User Interface Design an intuitive interface if the model is interactive.
Ease of Use Ensure that the model is user-friendly and accessible to its intended audience.
Ethics Address any ethical concerns related to the model’s application or impact.
Regulations Ensure compliance with relevant laws and regulations.

Including these attributes helps create a robust, reliable, and practical model that effectively serves its intended purpose.

3.5 Predictive versus Explanatory Models

Given a set of inputs, our model will generate an output and we are generally interested in its accuracy. The model need not have a realistic mechanism for how the world works. That is, we may primarily be interested in accurately calculating an output value without the model having any scientific, explanatory power of how different parts of the real-world system interact.

3.5.1 A Historical Example

A historical parallel can be found in the shift from the Ptolemaic to the Copernican model of the solar system. While the Ptolemaic model was predictively accurate for its time, the Copernican model offered a more fundamentally correct explanation of the underlying mechanics.”1.

The existing Ptolemaic model used a geocentric view of the solar system in which the planets and sun orbited the Earth in perfect circles with an epicycle used to explain retrograde motion (as seen in Figure 3.1). Retrograde motion is the term used to describe the apparent, temporarily reversed motion of a planet as viewed from Earth when the Earth is overtaking the other planet in orbit around the sun. Despite a fundamentally flawed underlying theory, the geocentric model was accurate enough to match the observational data for the position of the planets in the sky.

Figure 3.1: In the Ptolemaic solar model, the retrograde motion of the planets was explained by adding an epicycle to the circular orbit around the earth.

Famously, Copernicus came along and said that the sun, not the Earth, should be at the center (a heliocentric model). Earth revolves around the sun! Today, we know this to be a much better description of reality than one in which the Earth arrogantly sits at the center of the universe. However the model was actually slightly less accurate in predicting the apparent position of the planets (to the limits of observational precision at the time)! Why would this be?

First, the Copernican proposal still used perfectly circular orbits with an epicycle adjustment, which we know today to be inaccurate (versus an elliptical orbit consistent with the theory of gravity). Despite being more scientifically correct, it was still not the complete picture.

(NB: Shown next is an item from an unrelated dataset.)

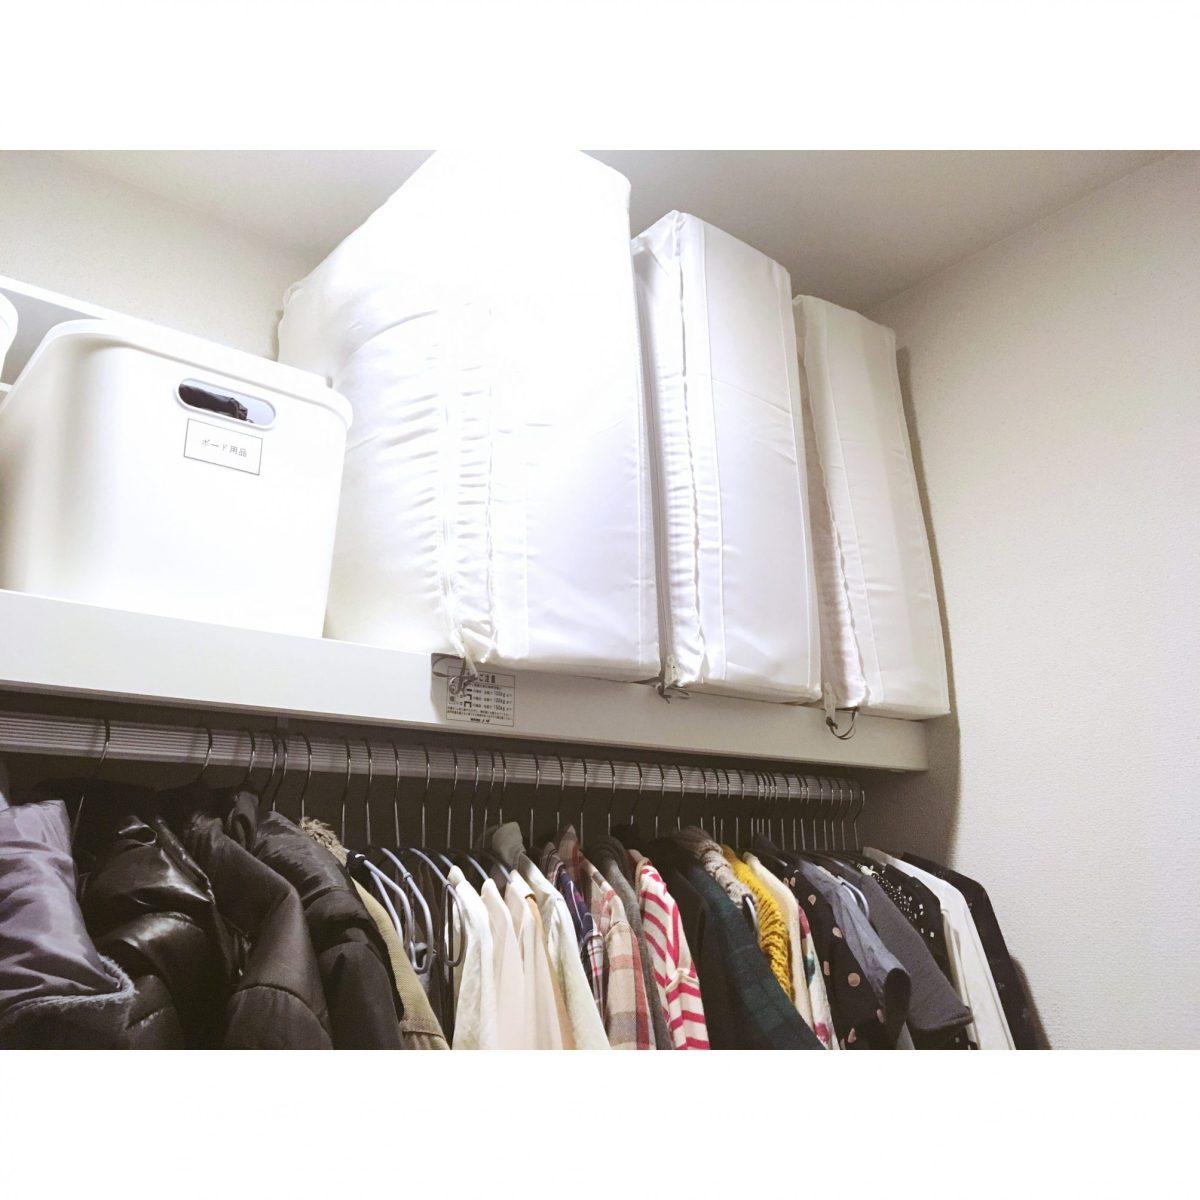 布団収納に困っている人必見‼︎クローゼットにも布団が収まるケースがあります(*´꒳`*)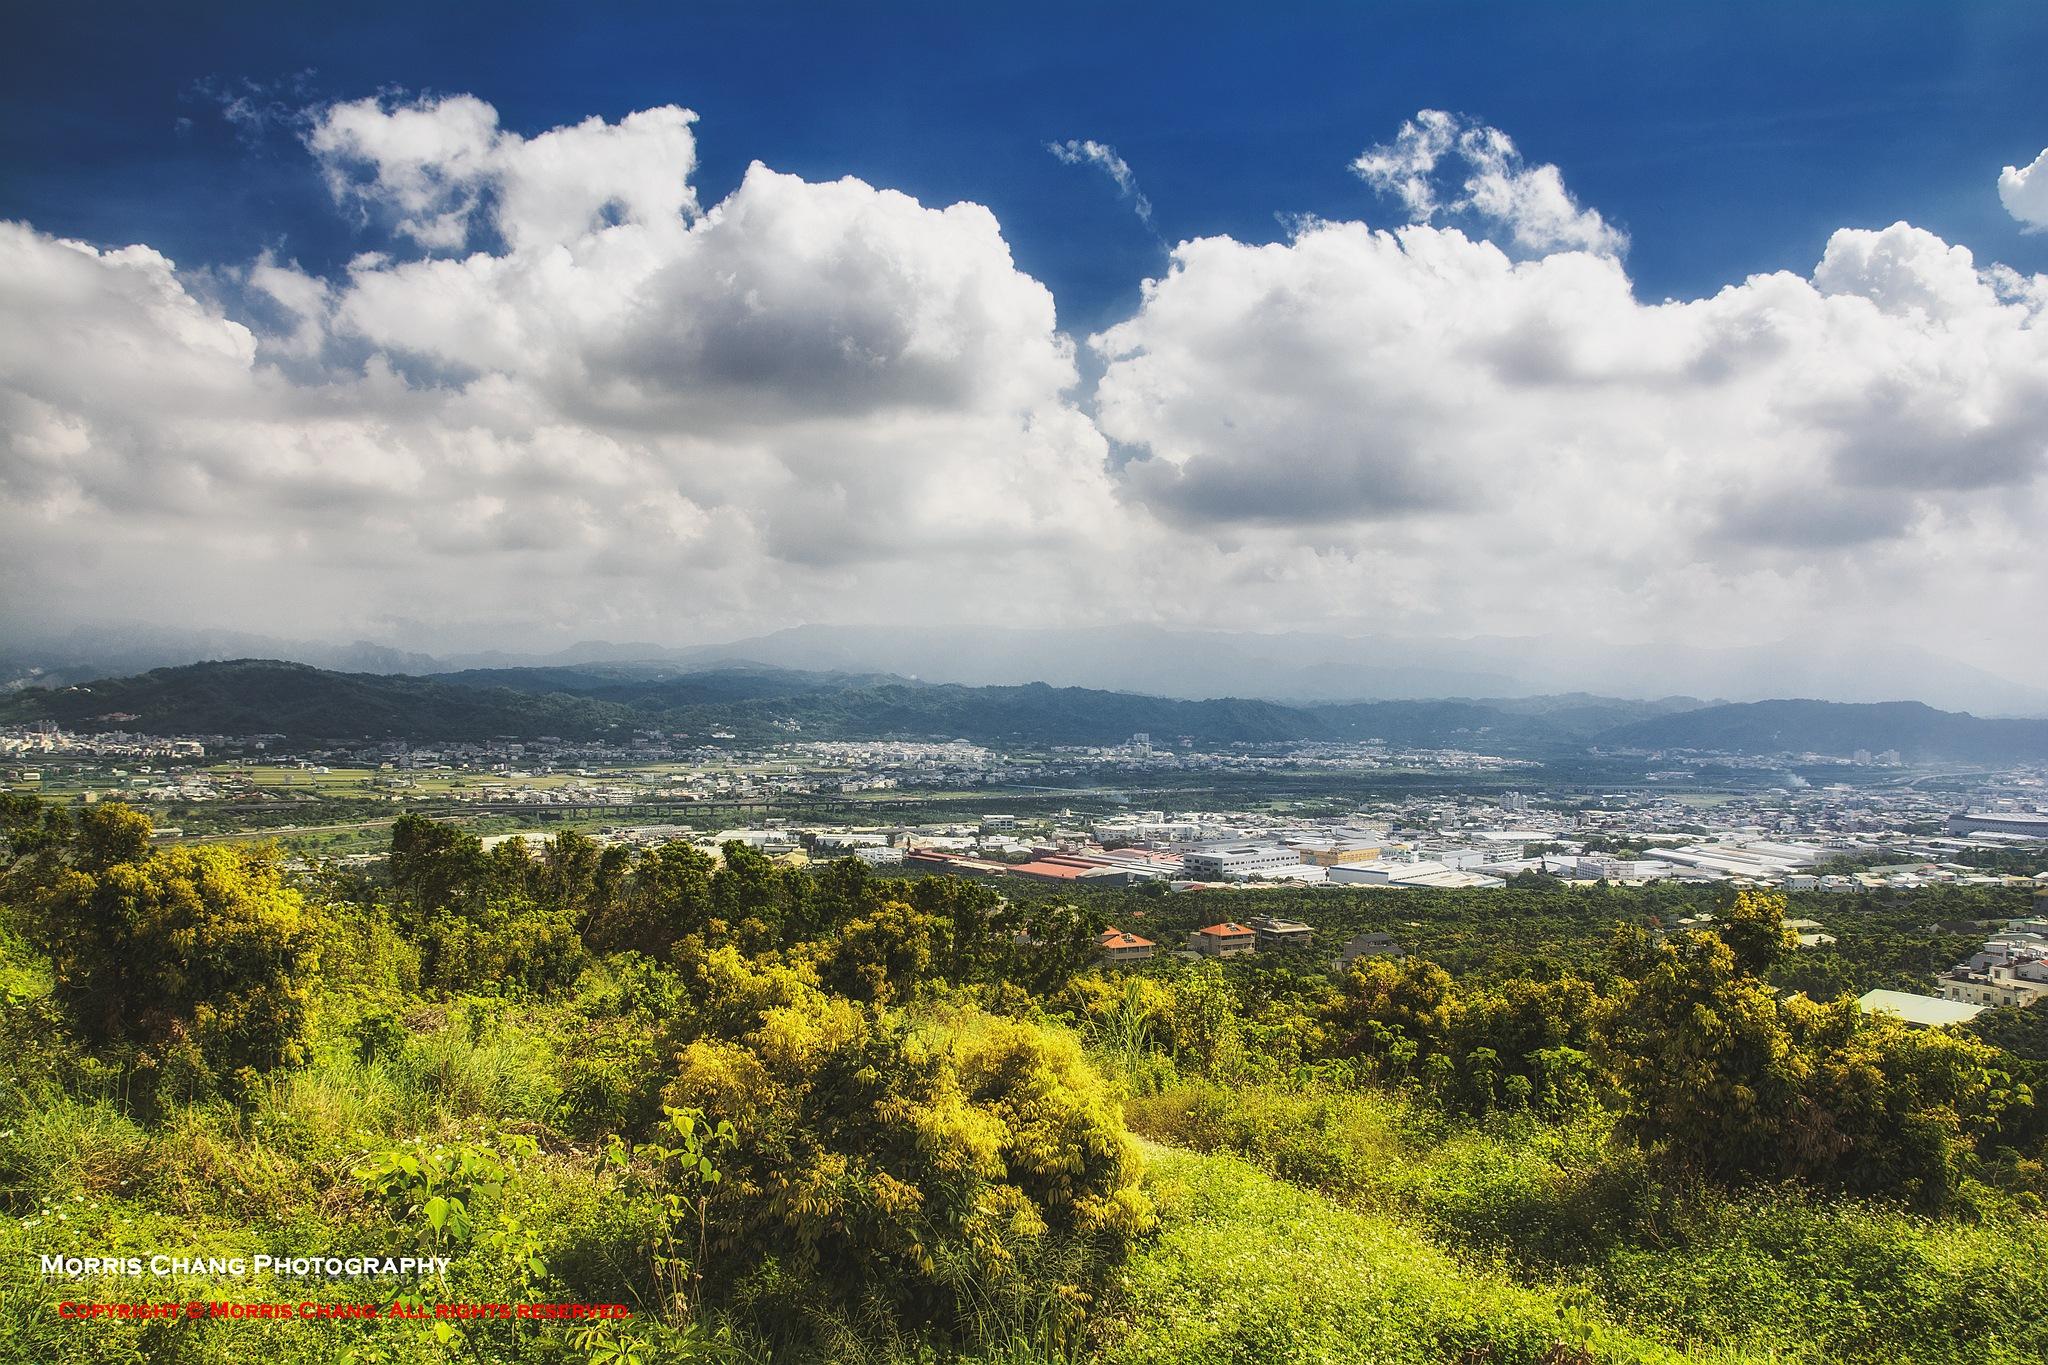 Go outdoors. Nantou, Taiwan by Morris Chang

Second, the geocentric model was already very accurate because it was essentially a Taylor series approximation which described, to sufficient observational accuracy, the apparent position of the planet relative to the Earth. The heliocentric model was effectively a re-parameterization of the orbital approximation.

Third, we have considered a limited criteria for which we are evaluating the model for accuracy, namely apparent position of the planets. It’s not until we contemplate other observational data that the Copernican model would demonstrate greater modeling accuracy: apparent brightness of the planets as they undergo retrograde motion and angular relationship of the planets to the sun.

For modelers today, this demonstrates a few things to keep in mind:

  1. Predictive models need not have a scientific, causal structure to make accurate predictions.
  2. It is difficult to capture the complete scientific inter-relationships of a system and much care and thought needs to be given in what aspects are included in our model.
  3. We should look at, or seek out, additional data that is related to our model because we may accurately overfit to one outcome while achieving an increasingly poor fit to other related variables.

Striving to better understand the world is a good thing to do but trying to include more components into the model is not always going to advance a given goal.

3.5.2 Examples in the Financial Context

3.5.2.1 Home Prices

American home prices which have a strong degree of seasonality and have the strongest prices around April of each year. We may find that including a simple oscillating term in our model captures the variability in prices better than if we tried to imperfectly capture the true market dynamics of home sales: supply and demand curves varying by personal (job bonus payment timing, school calendars), local (new homes built, company relocation), and national (monetary policy, tax incentives for home-ownership) factors. In other words, one could likely predict a stable pattern like this with a model that contains a simple sinusoidal periodic component. One could likely spend months trying to build a more scientific model and not achieve as good of fit, even though the latter tries to be more conceptually accurate.

Figure 3.2: House prices peak around April of each year.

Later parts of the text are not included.